Last week I explained how the bladder works and correctly interacts with the pelvic floor. If you missed it, go check it out here. This week I’m talking about urinary leakage: who, what, when, where, and why.
Anyone can have urinary leakage or incontinence (UI). As many as 57% of middle-aged and postmenopausal women, 25% of young women, and 75% of women in nursing homes experience leaking.
The likelihood of leaking increases with successive vaginal births with a lower correlation following c-section. One study found that 28% of elite female athletes who had never had children experienced leakage, with 40% of those noting that the leakage started in high school.
Incontinence is any urine leaking at an undesired time.
The four types of urinary incontinence are stress incontinence, urge incontinence, mixed incontinence, and overflow incontinence. All of these result in urine leaking at undesirable times. This could be anything from a few drops to emptying the full bladder. Stress incontinence occurs with jumping, running, sneezing, and coughing. Urge incontinence is when leaking occurs with an urge to pee. The urge often has triggers such as running water, walking in the house, or being cold, but it does not have to be associated with these activities. Mixed incontinence is a combination of stress and urge incontinence. Overflow incontinence occurs when the bladder stores well but has difficulty emptying. The bladder will continue to store urine until it is so full that it can not expand any more and leaks. Picture this as a cup overflowing.
Urinary incontinence typically starts with body changes such as pregnancy and birth, menopause, weight gain, constipation, or for men prostate enlargement or cancer.

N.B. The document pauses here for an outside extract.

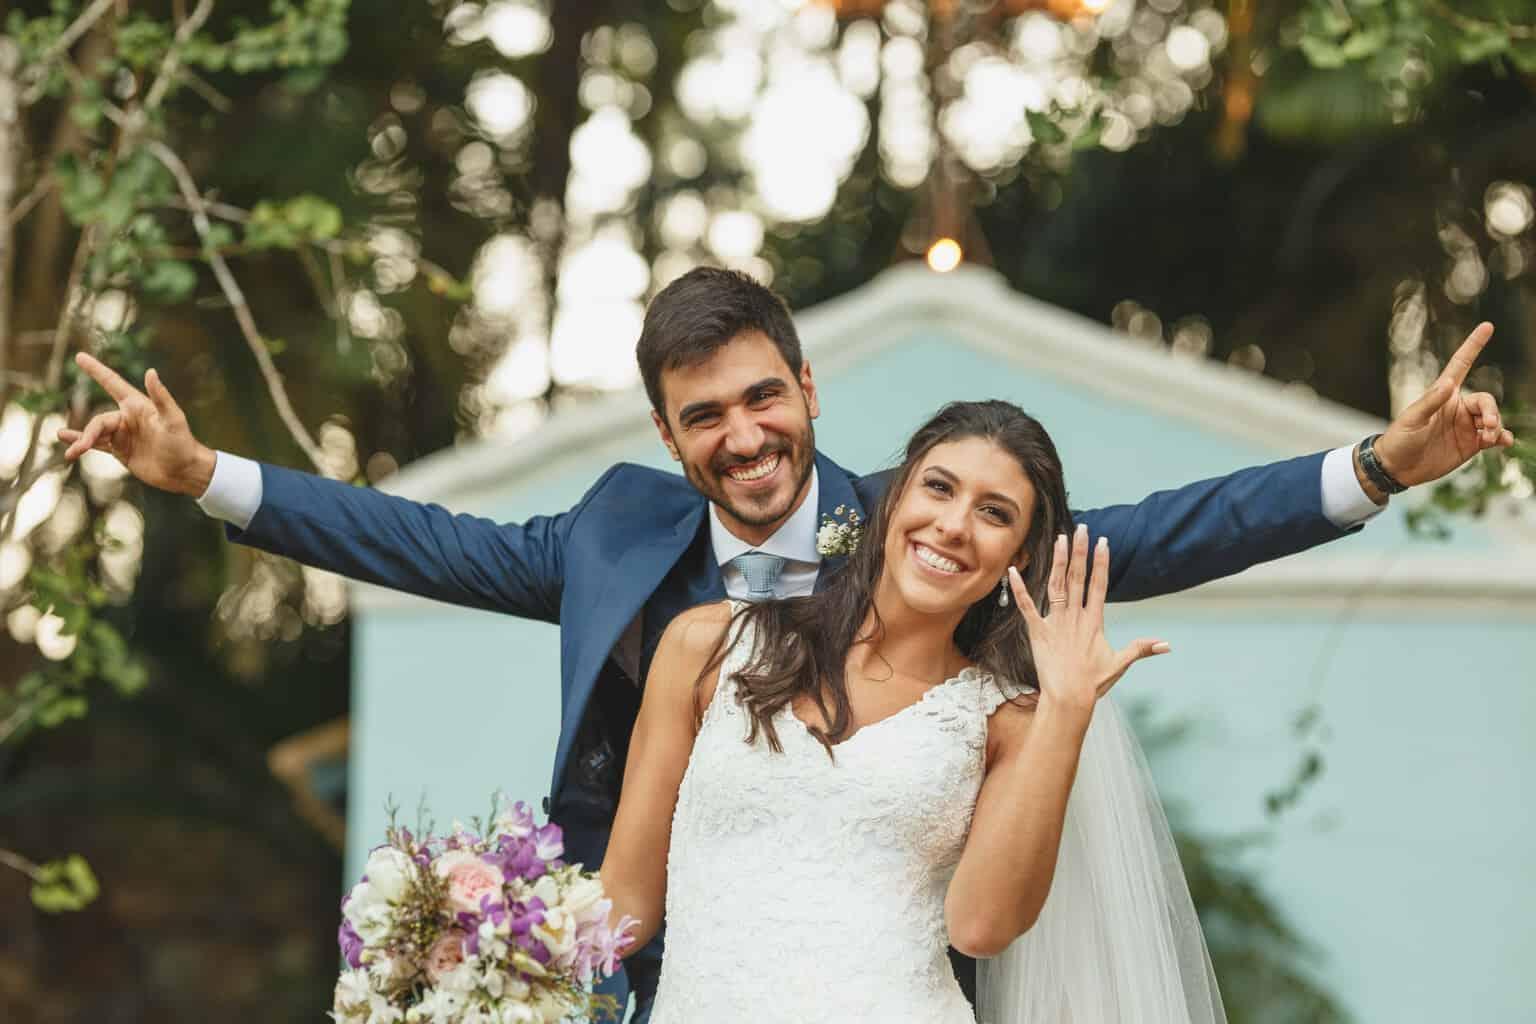 casamento-na-Fazenda-Vila-Rica-cerimonial-Ana-Paula-Tabet-foto-dos-noivos-Fotografia-Euka-Weddings-Renata-e-Gabriel125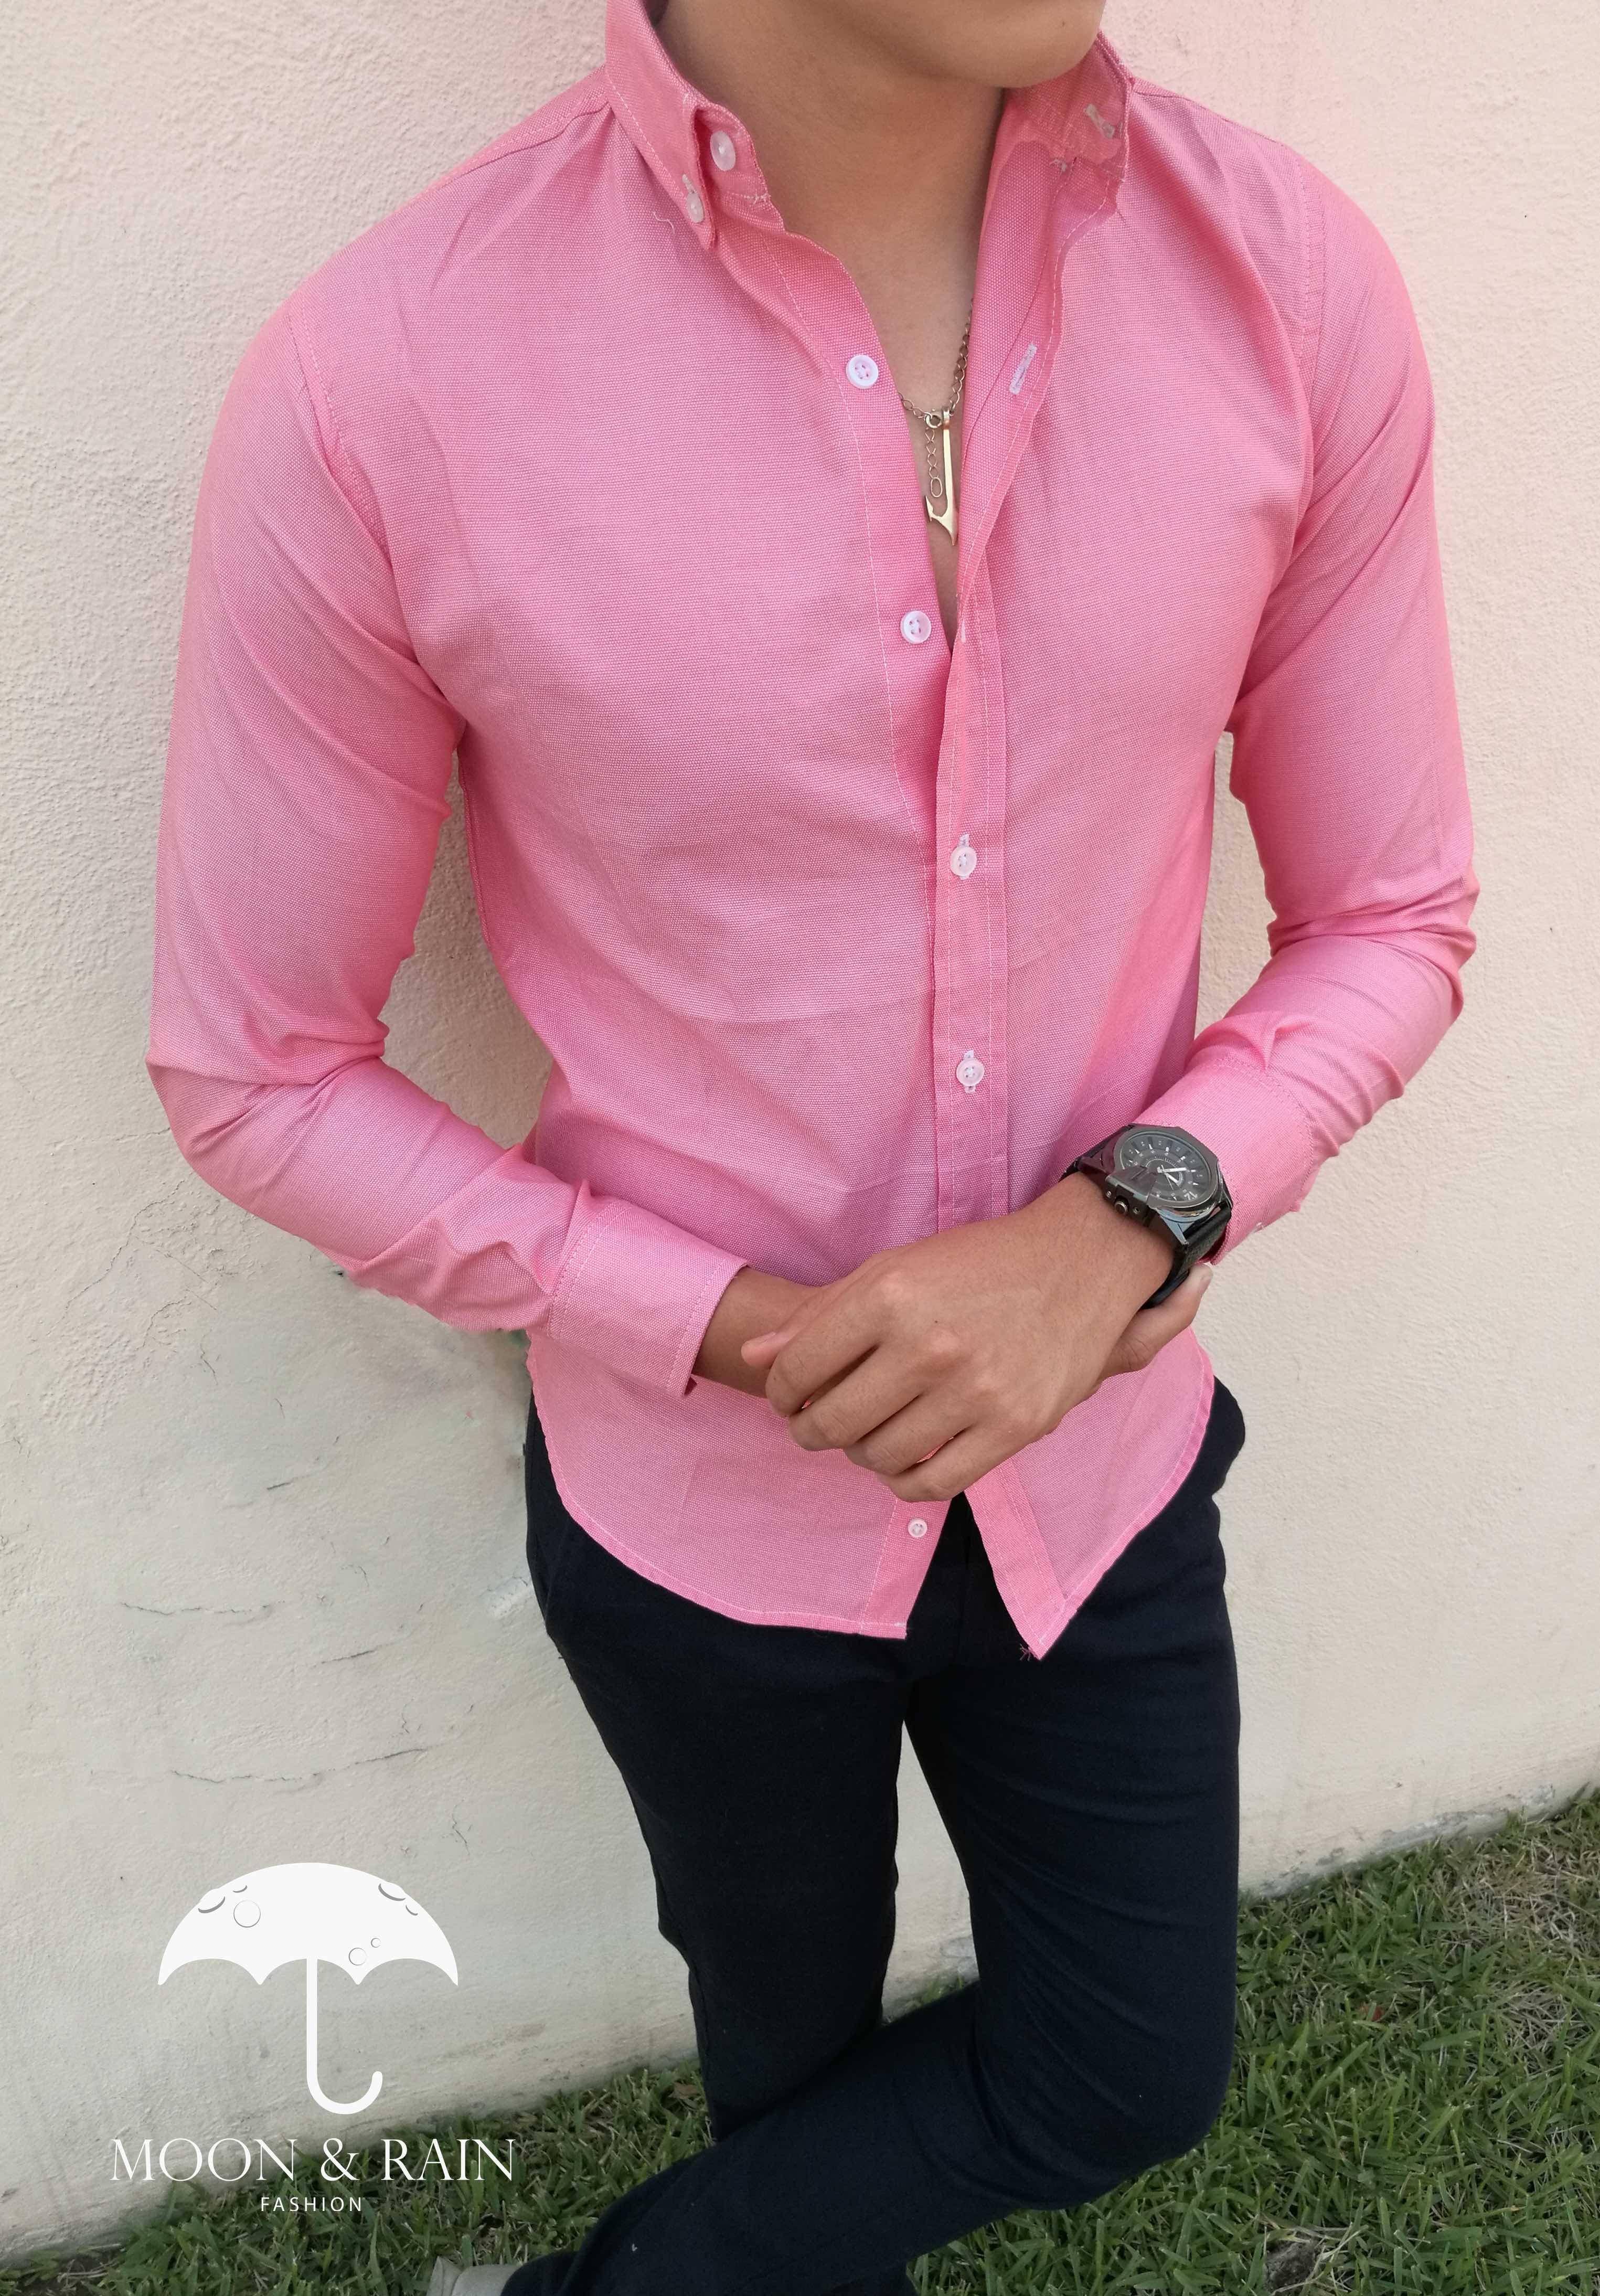 Camisa Slim Fit Mamey Lisa para hombre exclusiva de Tiendas Platino por  Moon   Rain  2309ead52a6fb

Medical procedures such as surgery or radiation can cause changes that increase incontinence. One example for women is hysterectomy. Medications can affect the way the bladder and muscles function leading to leaking. Diuretics, antidepressants and antihistamines are only a few examples. Neurological changes due to Parkinson’s Disease, spinal cord or brain injuries, multiple sclerosis or diabetes will lead to urinary and bowel changes and often leaking if not proactively managed.
Down there, in your underwear. (Okay, "where" just went with the theme so I left the section in.)
The short answer… it depends on you. Why your leaking started could be something as simple a new medication with not so fun side effects! It could be that you had a vaginal birth and your body just hasn’t made a full recovery yet. A good provider will help you get to the answer to your "why" and get started with treatment.
Treatment options can include everything from activity and nutrition modification, exercise, medication changes and surgery. A pelvic health PT will discuss your medical history, current diet and exercise. They will ask you about bladder habits - how often do you leak, how much, when, how often do you go to the bathroom, and other questions. They will examine and assess your pelvic floor, abdominal and hip strength, coordination and functional activation. All of this information will be taken into account to determine the best plan of action for you! Treatment may consist of increasing water and pelvic floor coordination or it may be a handful of exercises focused on proper muscle coordination.
There is no "one size fits all" approach to urinary incontinence, and seeking out a good provider who looks at all the possible factors and you as a person can make the difference in your successful outcome.
To summarize: pelvic health physical therapy can help you recover quickly so you can get back to living your best life!